1. **Download Apache Spark**:
   ```bash
   wget https://dlcdn.apache.org/spark/spark-3.5.5/spark-3.5.5-bin-hadoop3.tgz
   ```

2. **Extract the archive**:
   ```bash
   tar -xzf spark-3.5.0-bin-hadoop3.tgz
   ```

3. **Move to /opt directory** (recommended location):
   ```bash
   sudo mv spark-3.5.0-bin-hadoop3 /opt/spark
   ```

4. **Install PySpark with pip** (to ensure Python bindings):
   ```bash
   pip3 install pyspark
   ```

### Setting Up Environment Variables

Add these to your `~/.bashrc` or `~/.profile` file:

```bash
export SPARK_HOME=/opt/spark
export PATH=$PATH:$SPARK_HOME/bin:$SPARK_HOME/sbin
export PYSPARK_PYTHON=python3
export PYTHONPATH=$SPARK_HOME/python:$PYTHONPATH
```

After adding, apply the changes:
```bash
source ~/.bashrc  # or source ~/.profile
```


## Part 2: Configuring a Spark Cluster

### Types of Spark Cluster Deployment

You can configure Spark in several modes:

1. **Standalone Mode** - Spark's built-in cluster manager
2. **YARN Mode** - Using Hadoop's resource manager
3. **Mesos Mode** - Using Apache Mesos
4. **Kubernetes Mode** - Deploying on Kubernetes

We'll focus primarily on Standalone mode as it's the simplest to set up.

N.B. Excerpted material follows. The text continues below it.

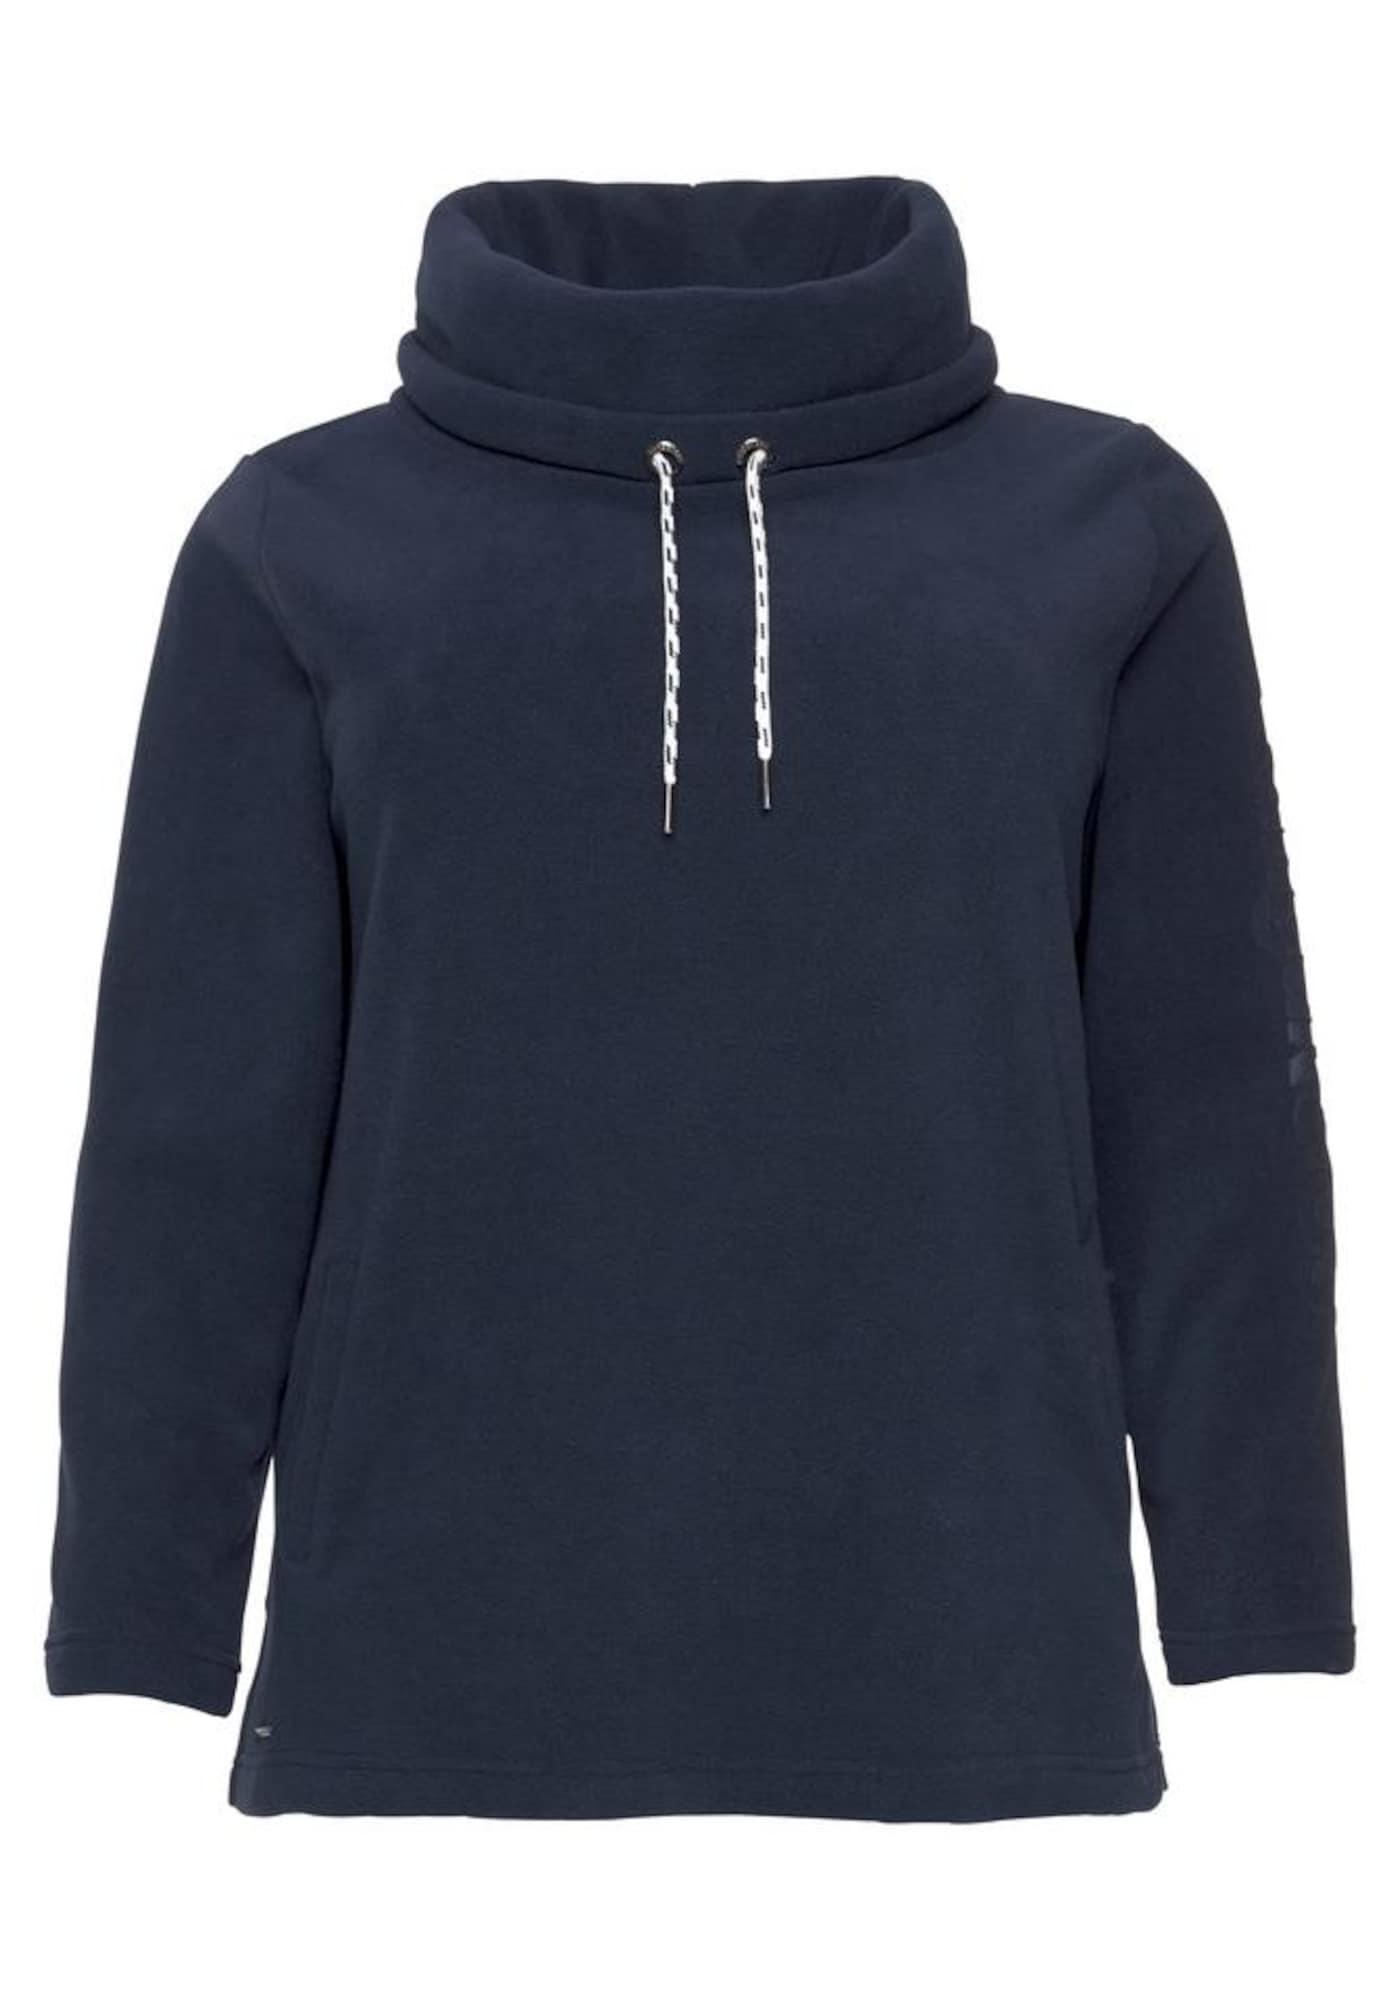 Fleeceshirt   Bekleidung > Sweatshirts & -jacken > Fleeceshirts   Kangaroos

### Prerequisites for Cluster Setup

Before configuring your cluster, ensure you have:

- Java 8 or higher installed on all machines
- SSH access between all nodes
- Same version of Spark installed in the same directory path on all machines
- Consistent user accounts across machines
- Open ports for Spark communication (default: 7077 for master, 8080 for web UI)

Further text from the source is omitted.